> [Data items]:

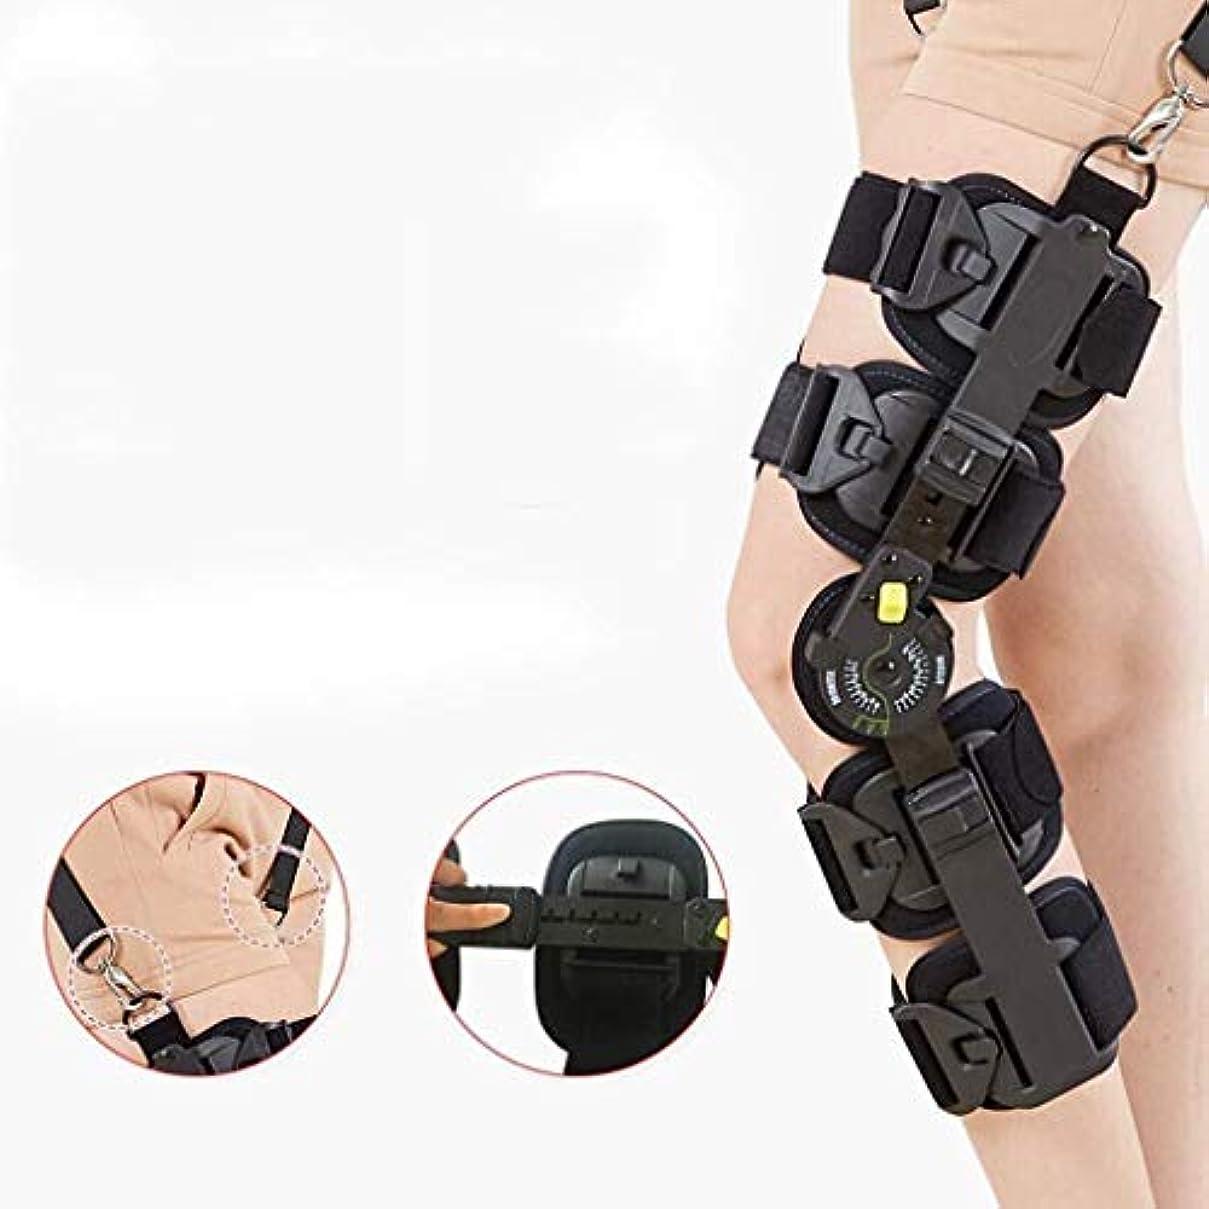 対オーディション頑張るヒンジ付き膝装具-腫れたACL、腱、靭帯、および半月板の損傷に対する調節可能なオープン膝蓋骨サポート-ランニング、レスリング、関節炎の関節の運動圧縮ラップ
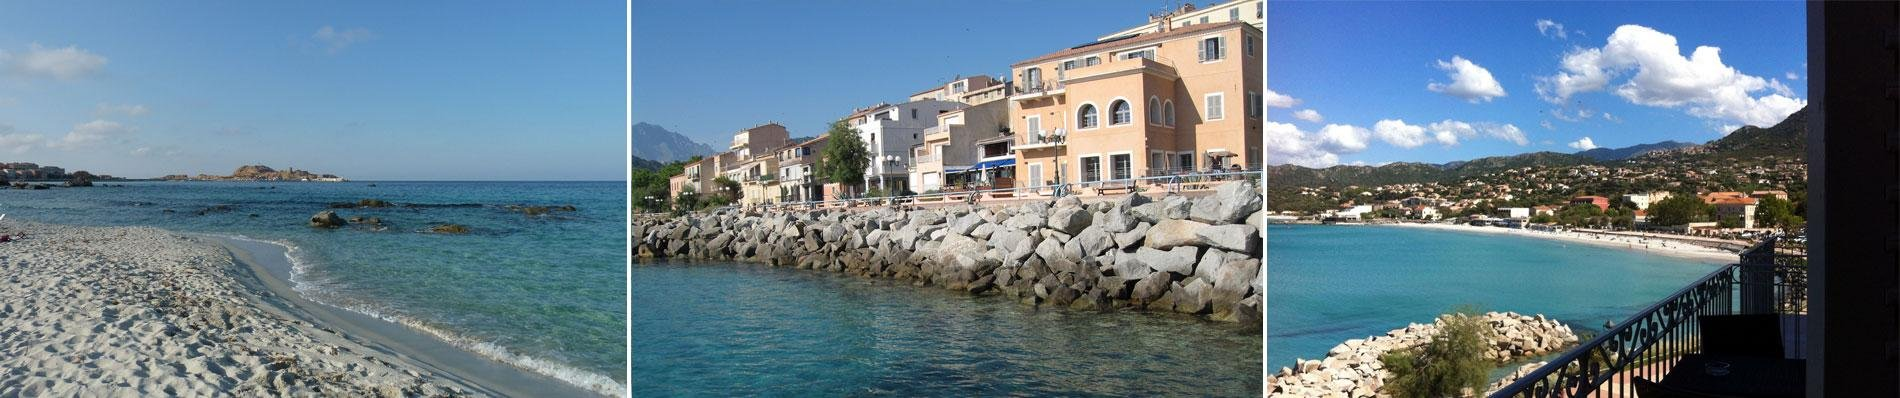 Hotel Perla Rossa Calvi Ile Rousse Balagne Corsica
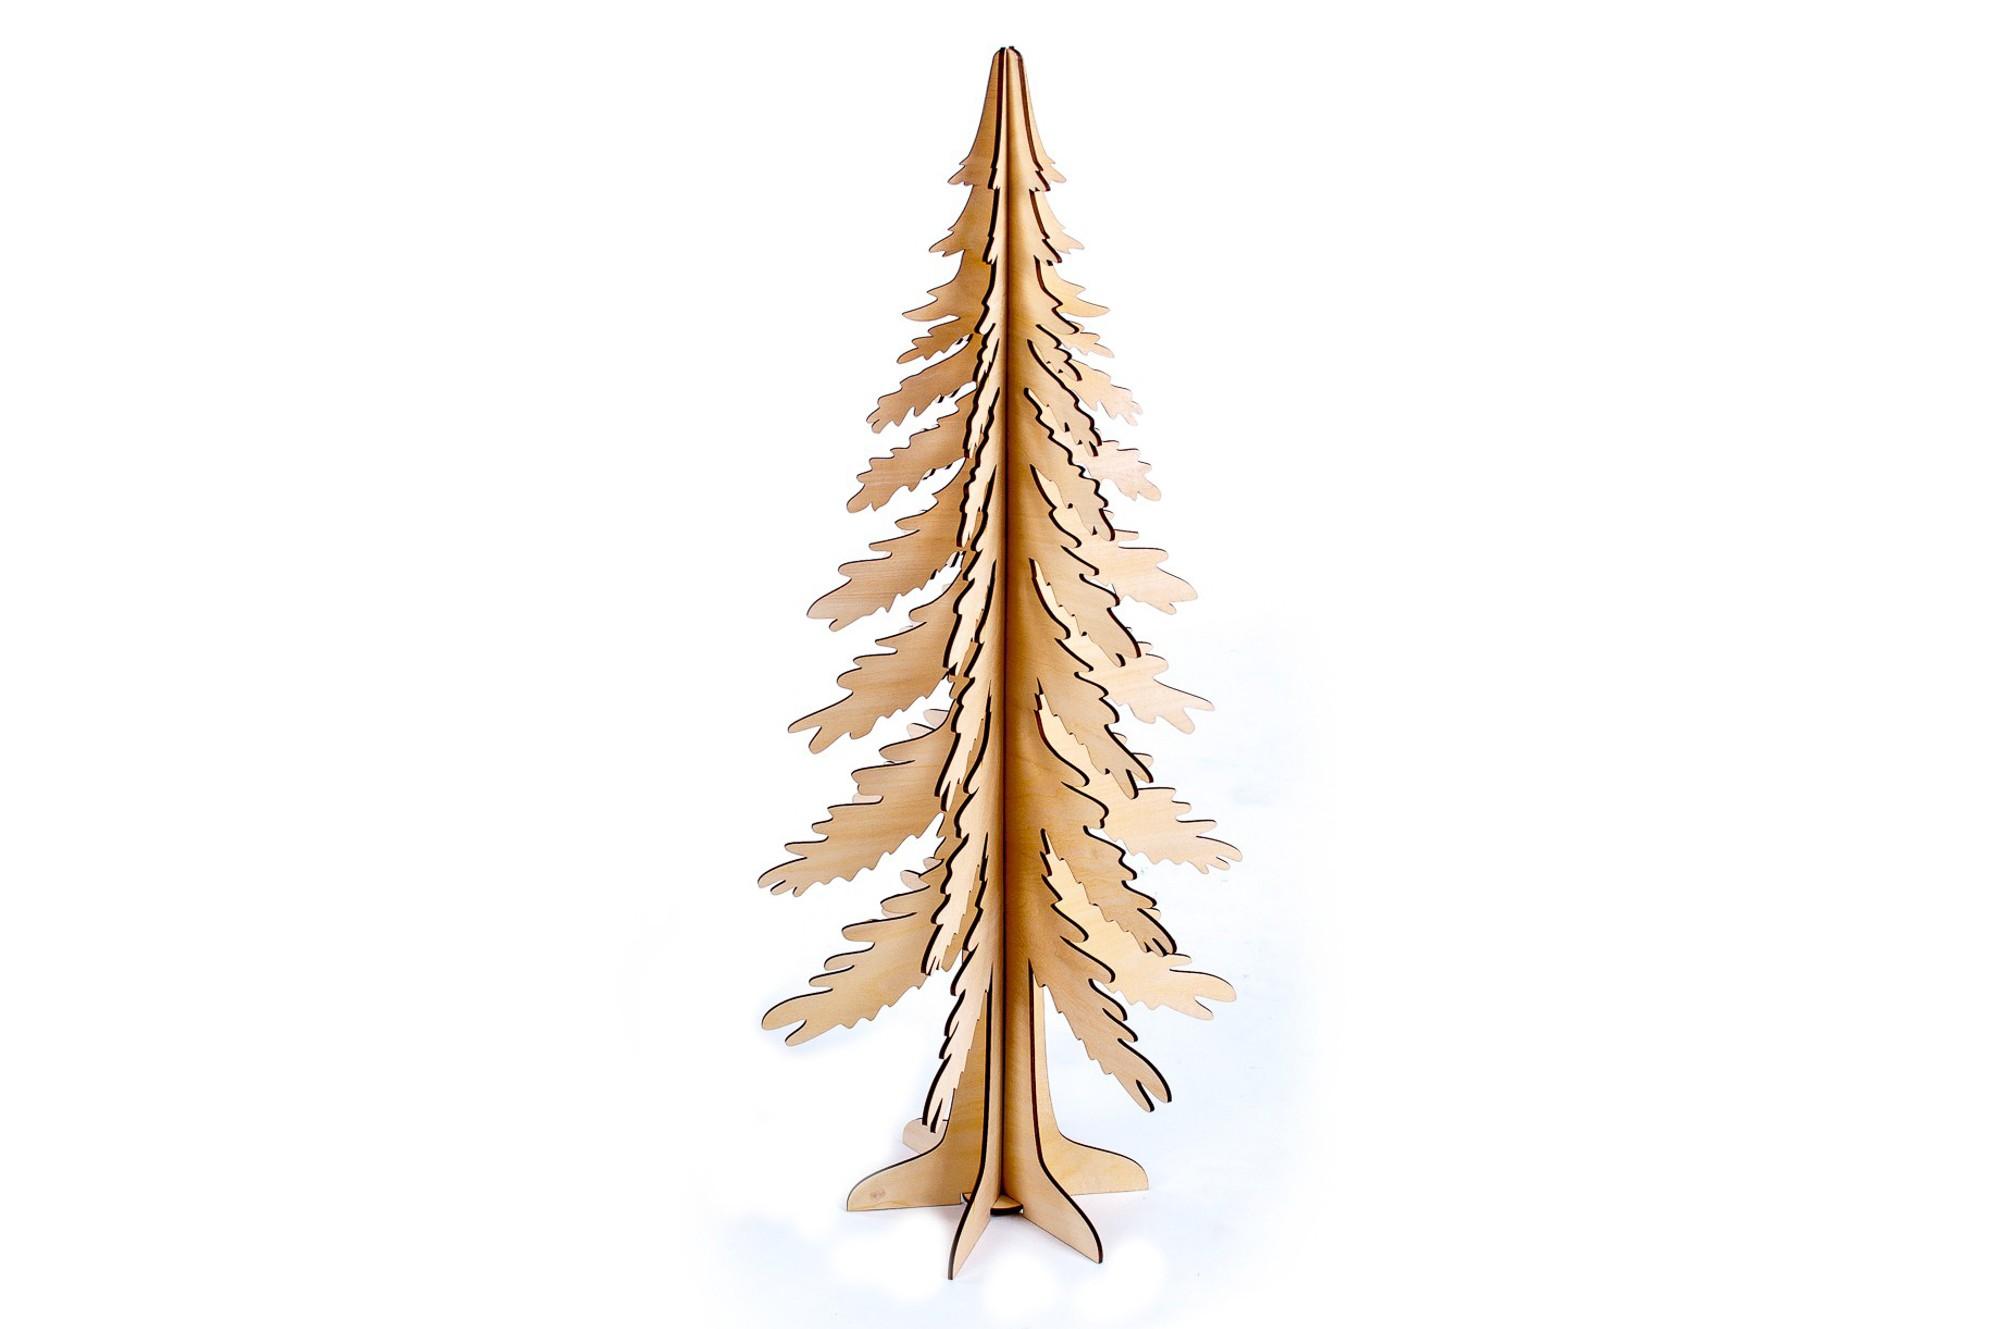 Wieso Tannenbaum Weihnachten.Weihnachtsbaum Holz 25x60cm Tannenbaum Weihnachtsdekoration Holzbaum Weihnachten
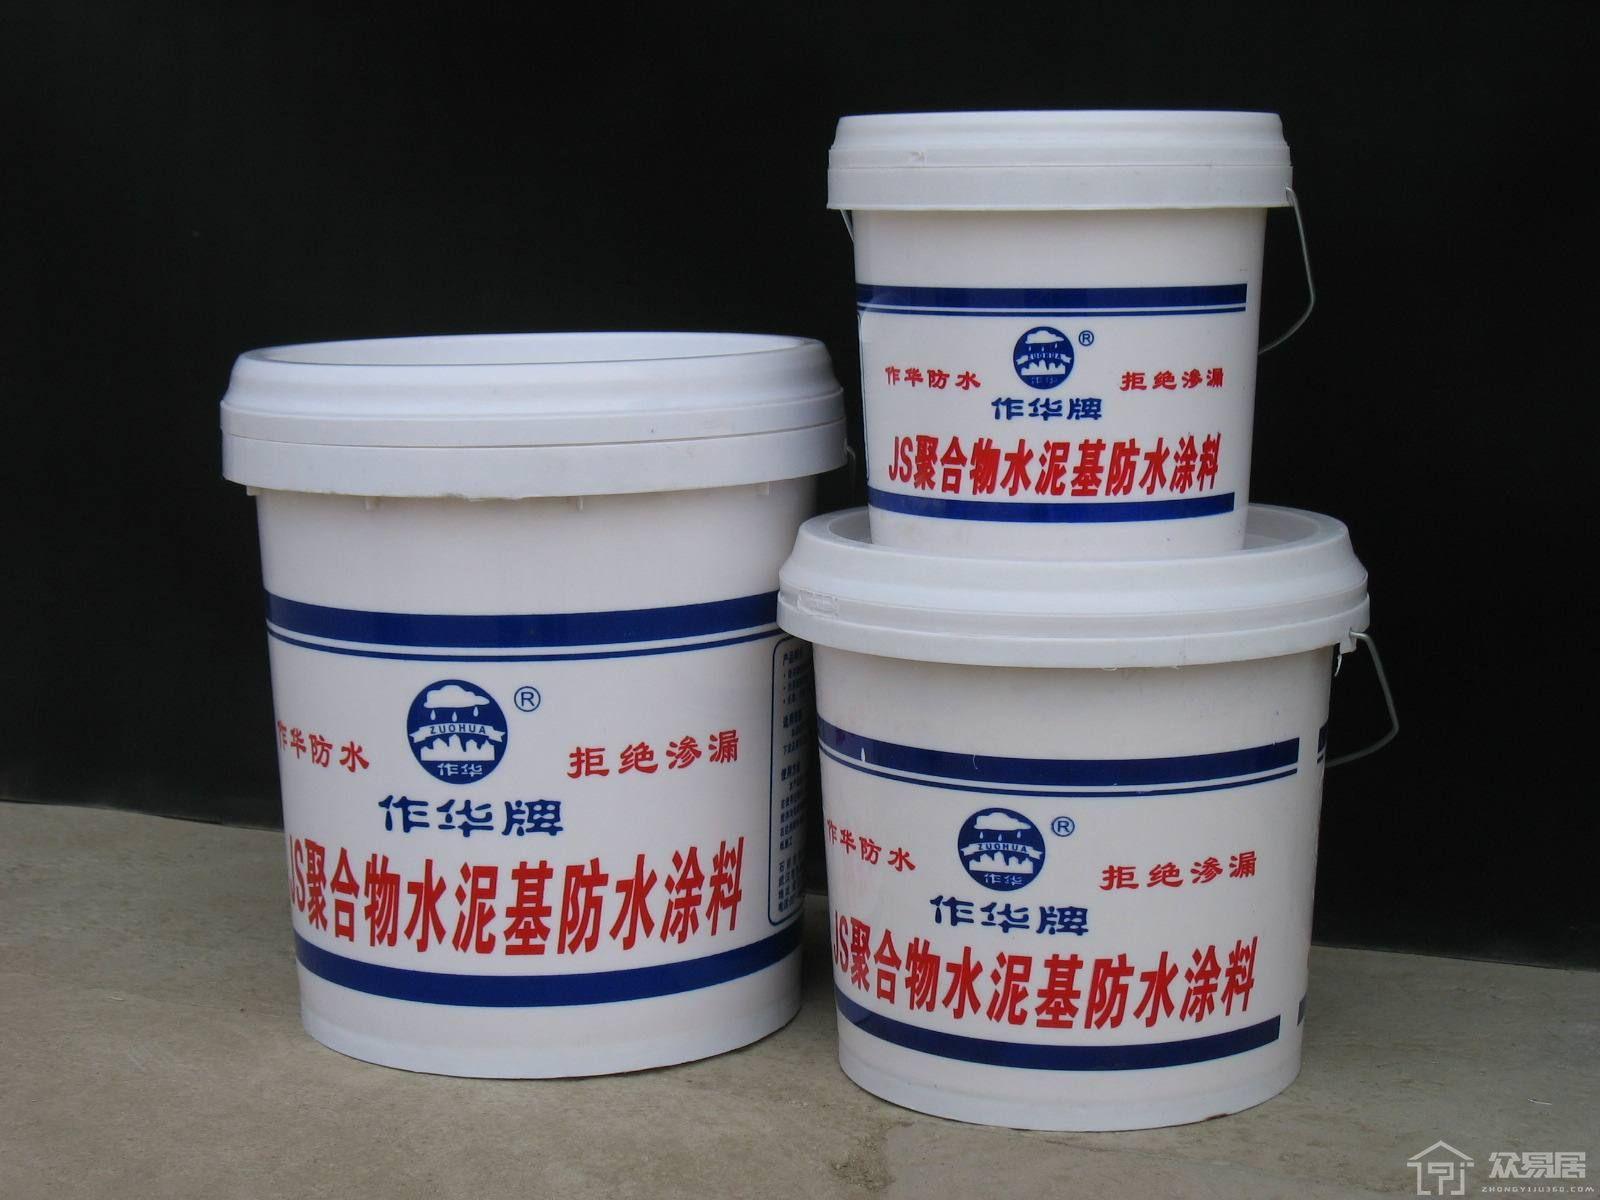 裝修常見的防水材料有哪些?防水材料如何選購
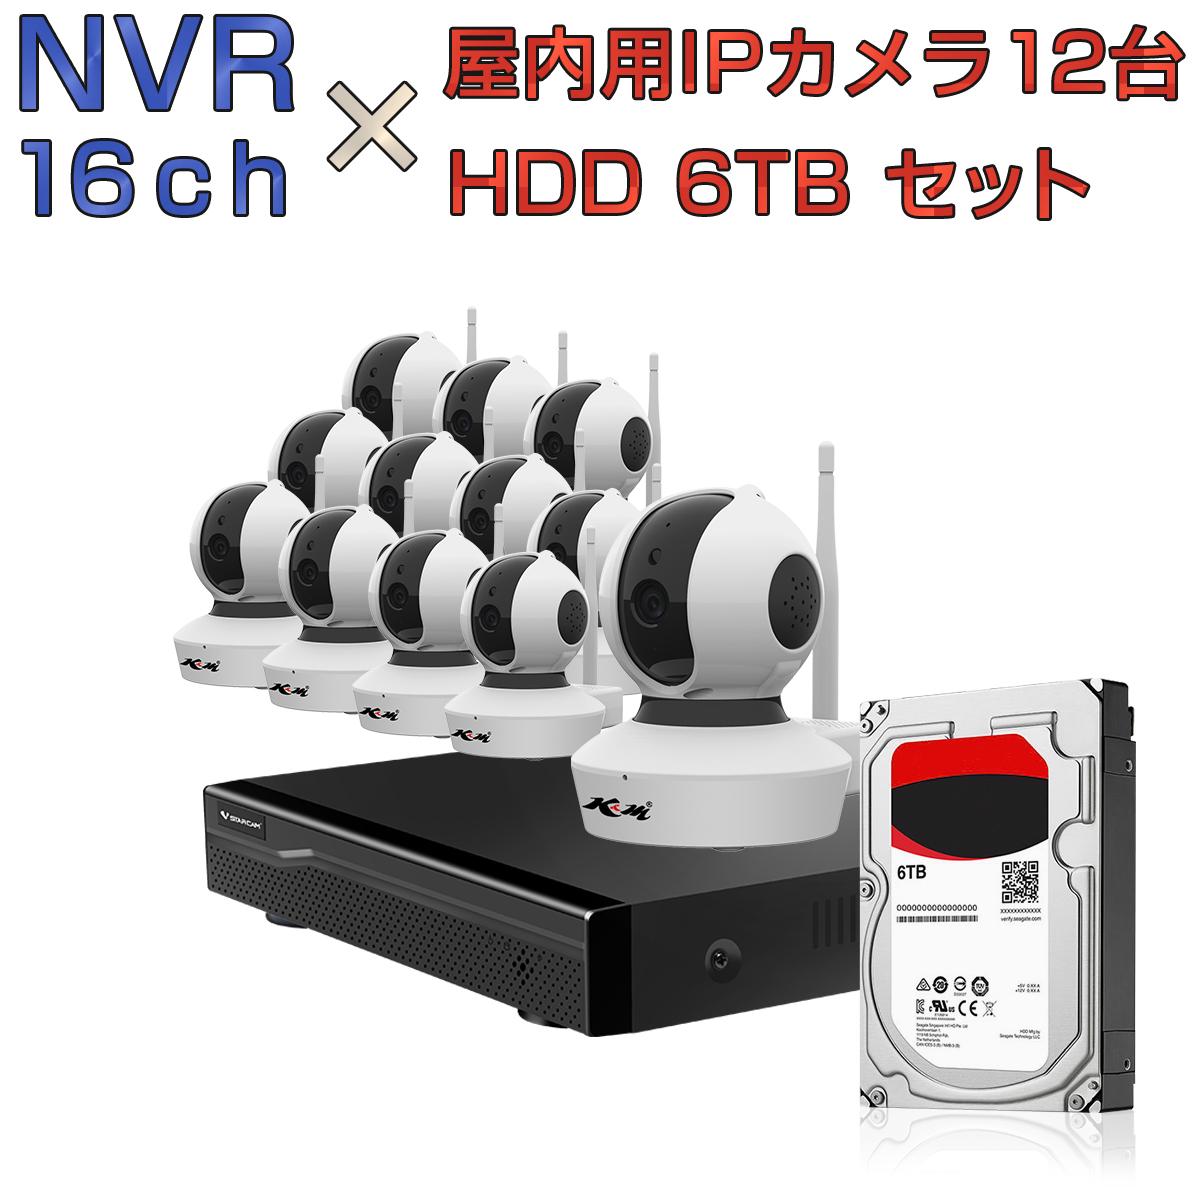 NVR ネットワークビデオレコーダー 16ch HDD6TB内蔵 C23S 2K 1080P 200万画素カメラ 12台セット IP ONVIF形式 スマホ対応 遠隔監視 1080P FHD 動体検知 同時出力 録音対応 H.265+ IPカメラレコーダー監視システム 宅配便送料無料 1年保証 K&M

> [Task brief]: Please write out all the data again word for word, but not the pictures.

> [Answer to this task]:
 対オーディション頑張るヒンジ付き膝装具-腫れたACL、腱、靭帯、および半月板の損傷に対する調節可能なオープン膝蓋骨サポート-ランニング、レスリング、関節炎の関節の運動圧縮ラップ
 Hotel Perla Rossa Calvi Ile Rousse Balagne Corsica
 Wieso Tannenbaum Weihnachten.Weihnachtsbaum Holz 25x60cm Tannenbaum Weihnachtsdekoration Holzbaum Weihnachten
 裝修常見的防水材料有哪些?防水材料如何選購
 NVR ネットワークビデオレコーダー 16ch HDD6TB内蔵 C23S 2K 1080P 200万画素カメラ 12台セット IP ONVIF形式 スマホ対応 遠隔監視 1080P FHD 動体検知 同時出力 録音対応 H.265+ IPカメラレコーダー監視システム 宅配便送料無料 1年保証 K&M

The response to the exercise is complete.